The line containing "Cisco Nexus Dashboard", and every line after it to the end of the listing, should be repeated exactly; the pictures should not.

Information supplied section start

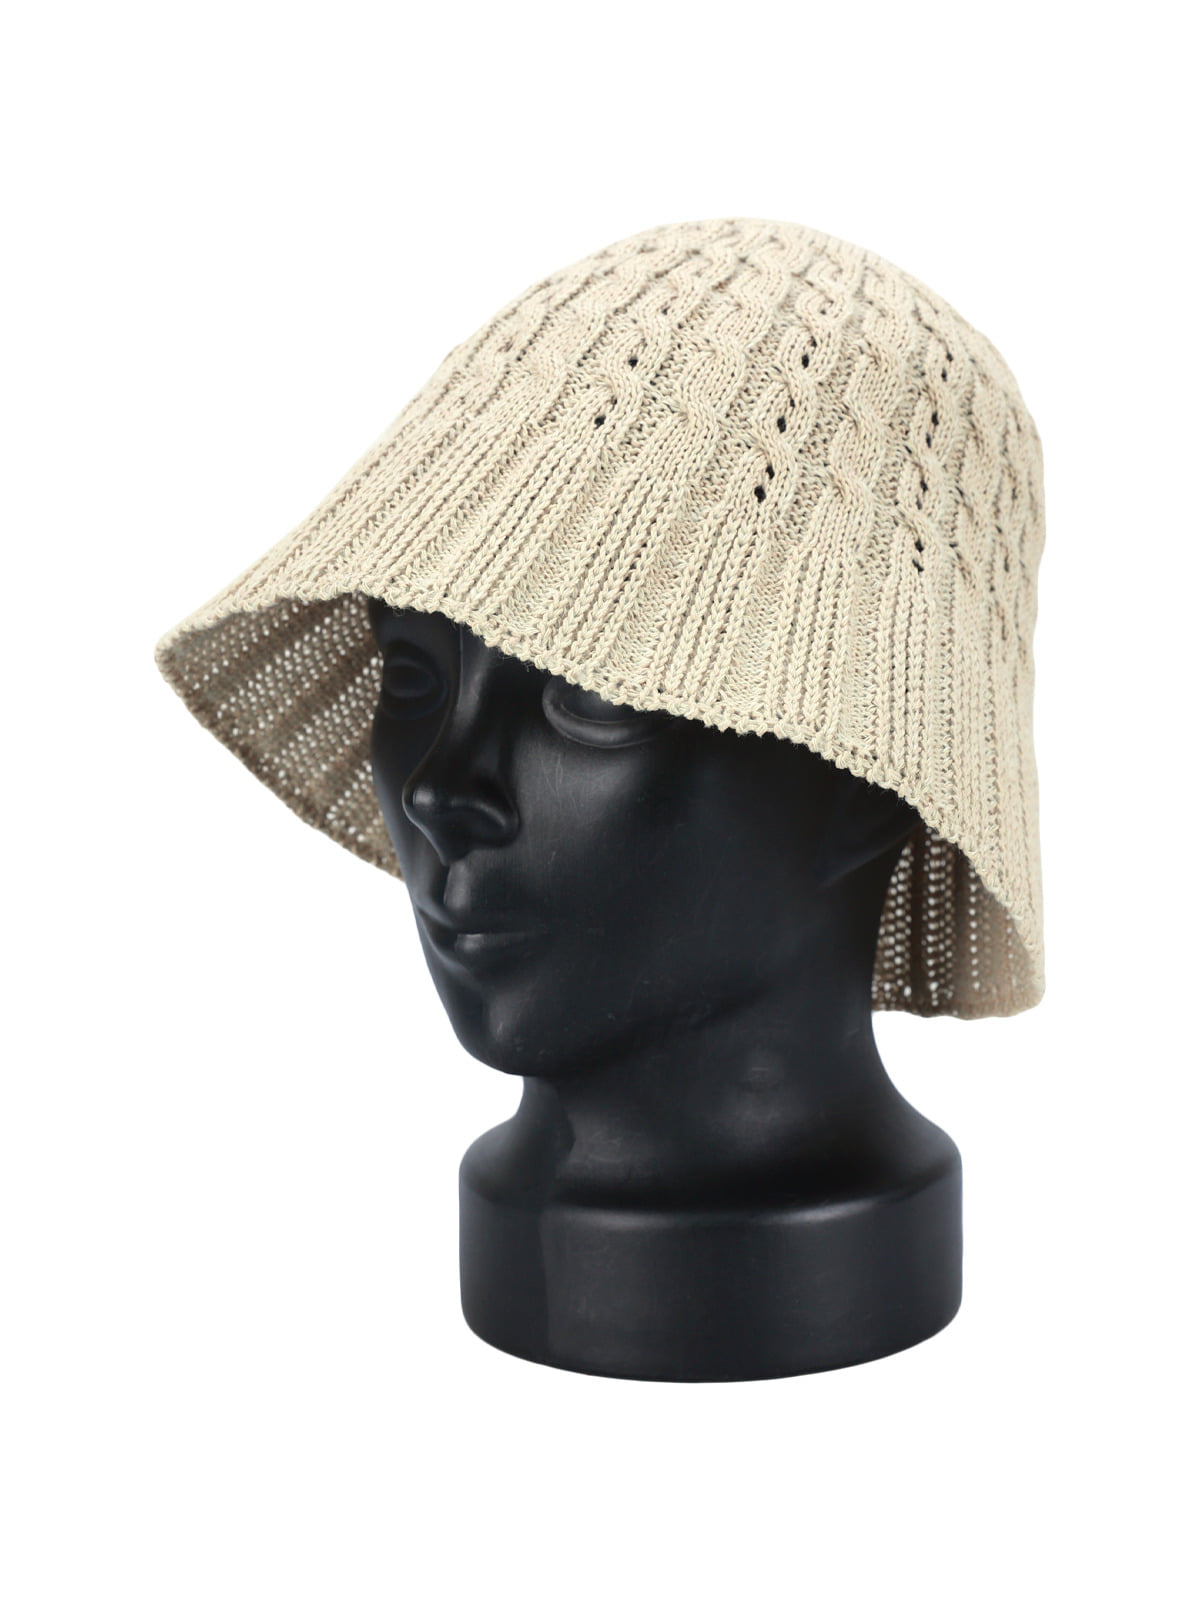 여성 벙거지 LZJ018 여름 니트 뜨개 버킷햇 모자
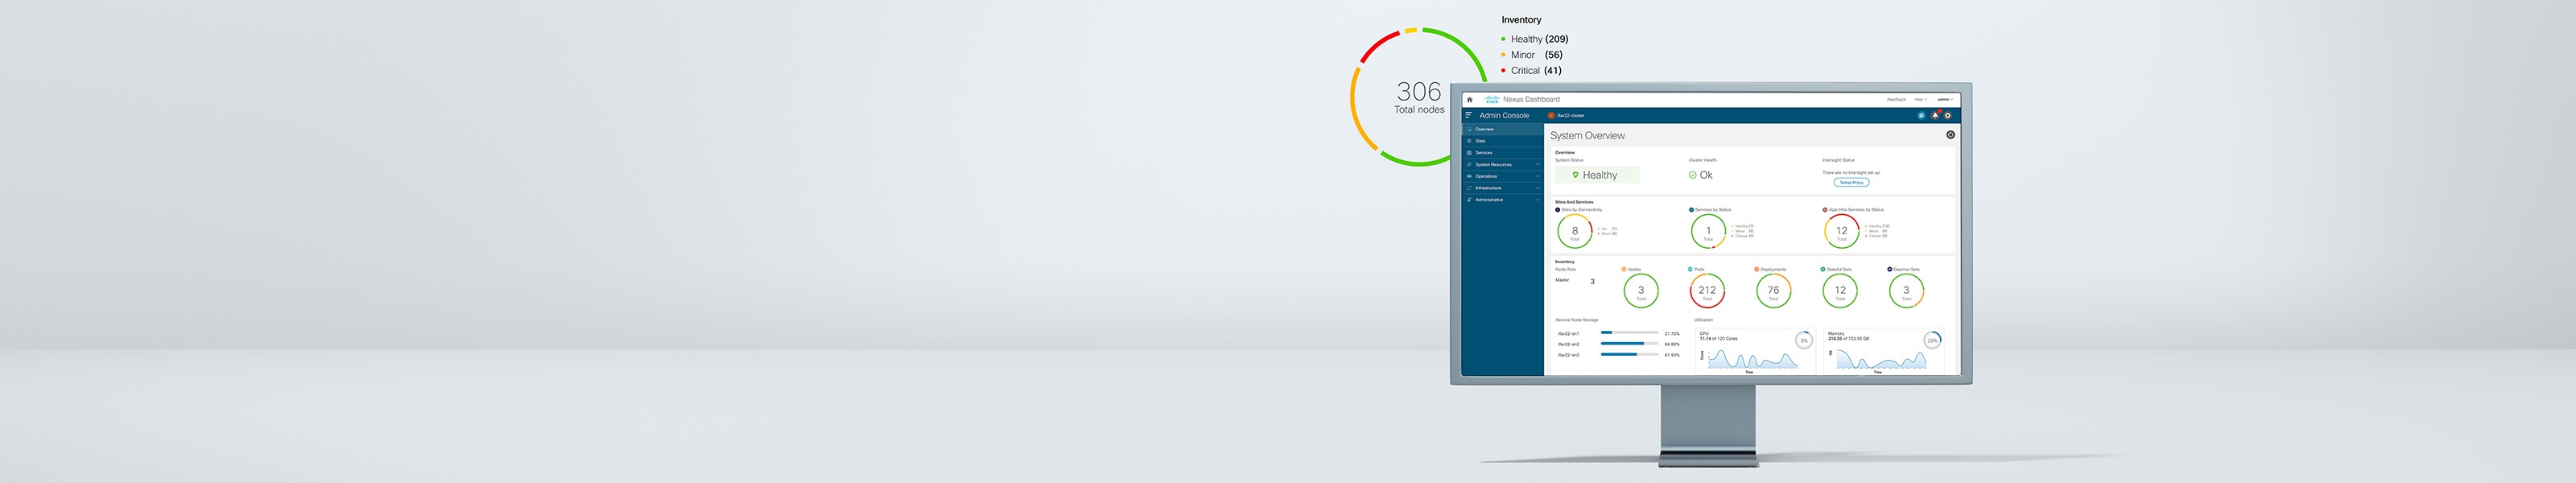 Cisco Nexus Dashboard ハイブリッドクラウド ネットワーク オペレーション
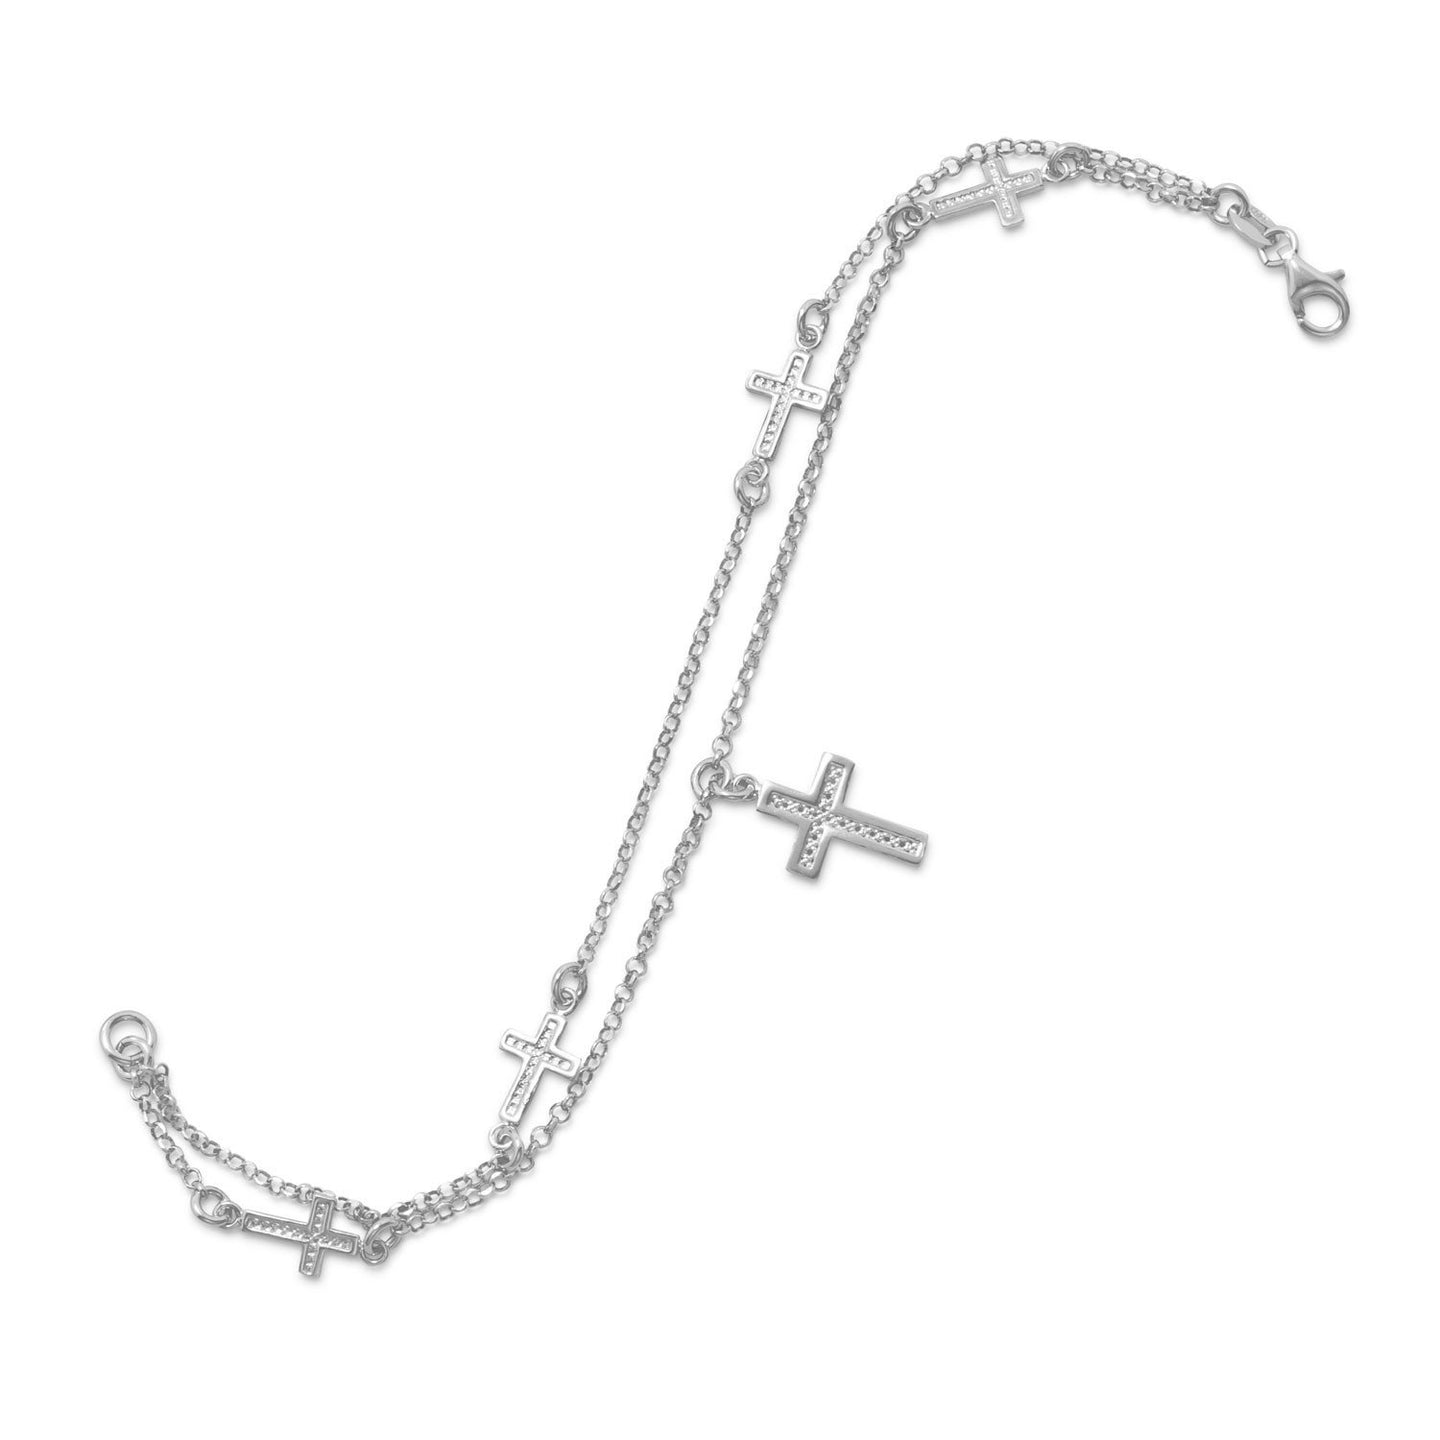 Rhodium Plated Double Strand Cross Charm Bracelet - SoMag2

Information supplied section end

--- Answer space ---
 Cisco Nexus Dashboard ハイブリッドクラウド ネットワーク オペレーション
 Rhodium Plated Double Strand Cross Charm Bracelet - SoMag2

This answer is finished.